The sovereign warned that divisions can only sap investors’ confidence at a time of economic uncertainties and weaken excessively inward-looking ruling elites, whose role, goals and abilities are being questioned by more and more Thais.

Unexpectedly but like on a cue, the two largest parties of the new majority – Move Forward (Phak Kao Klai) led by Pita Limjaroenrat and the For Thais Party  (Phak Phuea Thai) of the Shinawatra family – agreed this morning on a single nominee for the post speaker of the House of Representatives, the lower house.

Wan Muhamad Noor Matha was easily elected speaker of the House of Representatives and ex officio president of the National Assembly. The 79-year-old Wan Noor heads the National Party (Prachachat), also in the opposition until last month’s election.
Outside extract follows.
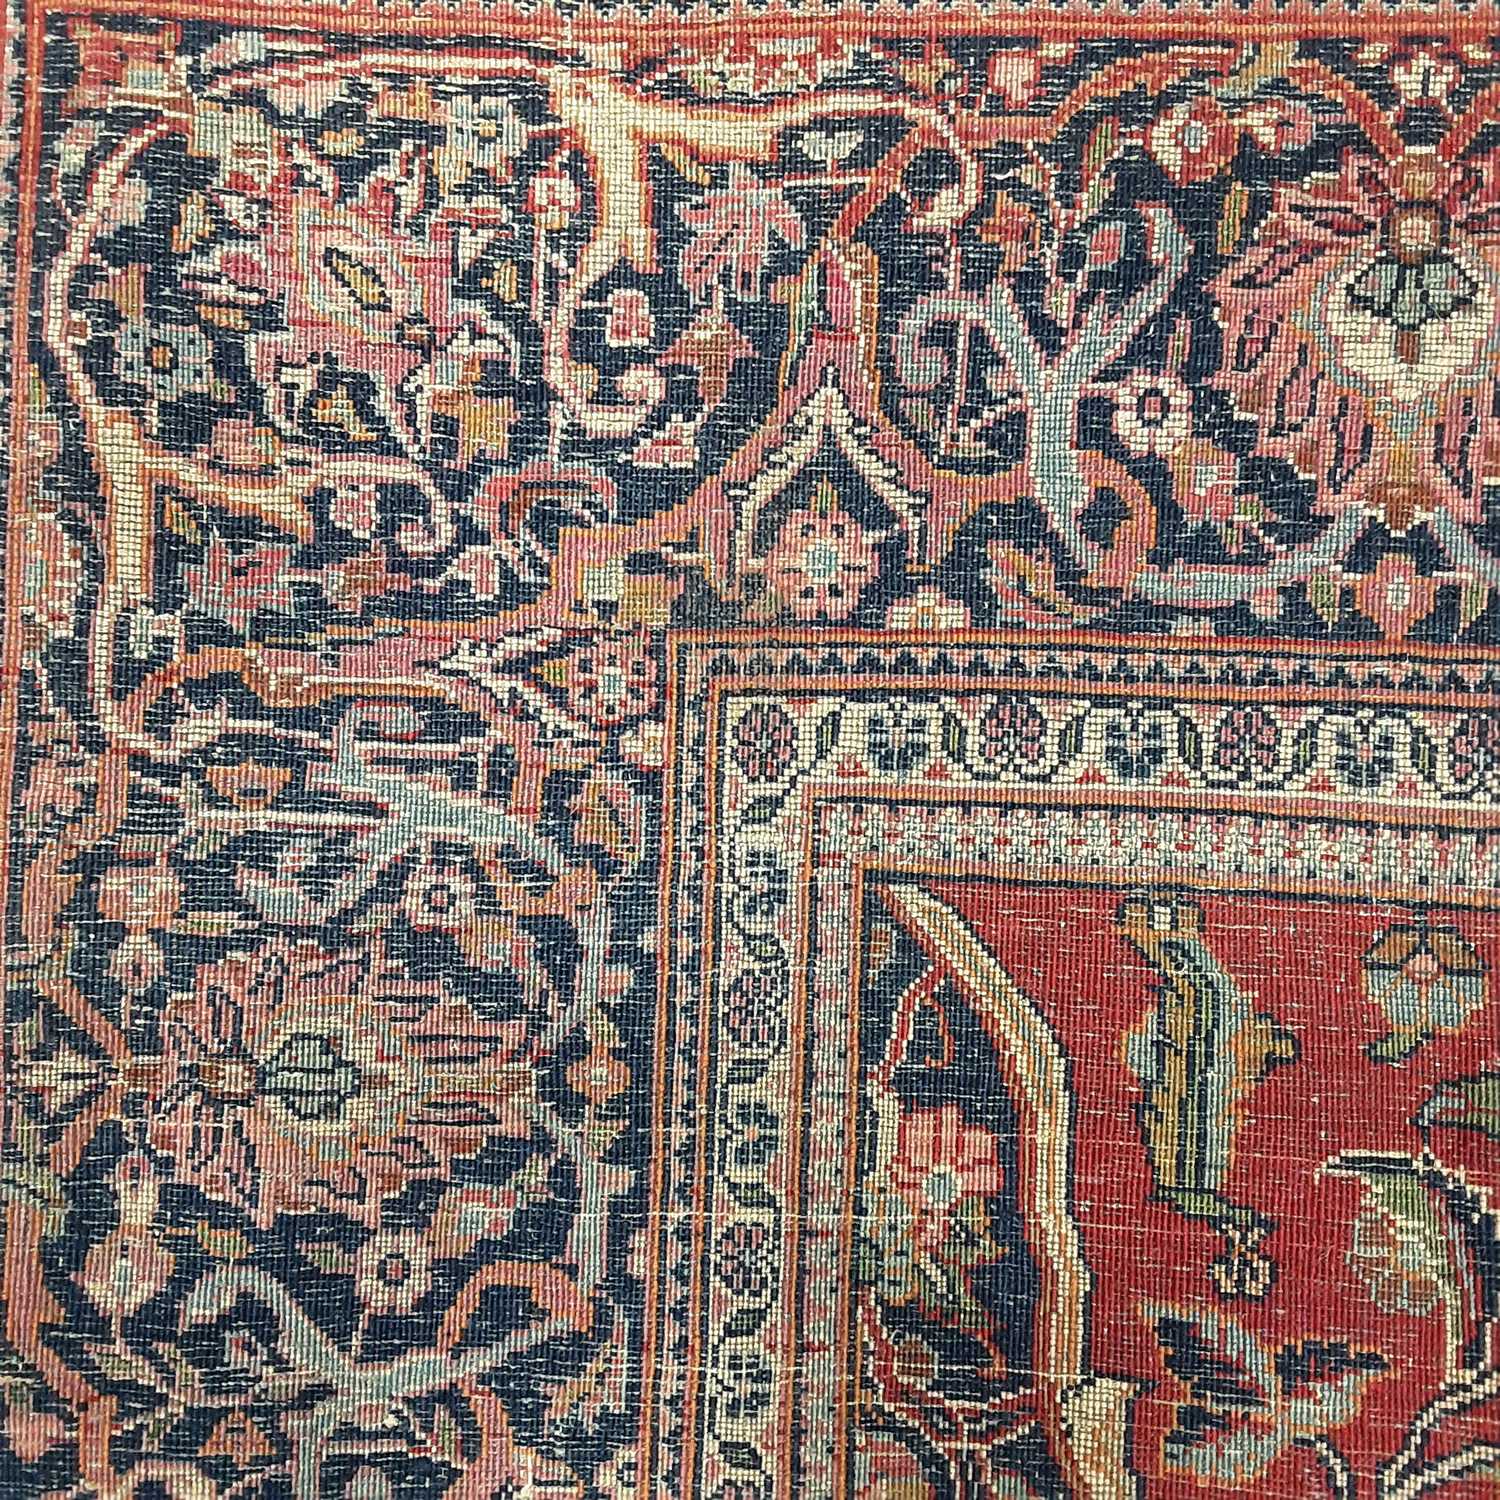 KASHAN PART SILK RUG LATE 19TH/EARLY 20TH CENTURY - Image 4 of 4

A veteran politician, he hails from the south, home to a sizable Muslim population, a region troubled by tensions over local autonomy and identity.

But above all, the new speaker is a non-divisive figure. As head of parliament, he will have to reach out to pro-military parties. Although much weakened, the latter can count on the support of the 250-member military-appointed Senate.

As it gets ready for 14 July when the full parliament meets to choose the new prime minister, the new ruling coalition has shown that, by choosing an outsider, it can manage its internal differences and remain engaged in dialogue.

In the House of Representatives, the eight-party coalition dominated by Move Forward and For Thais party can count on 312 votes out of 500, far short of the 376 (out of 750) needed to pick the new head of government.

Getting at least 64 senators to agree to their pick will be difficult, but the leaders of the new ruling coalition are optimistic.

[*] The National Assembly includes the House of Representatives and the Senate.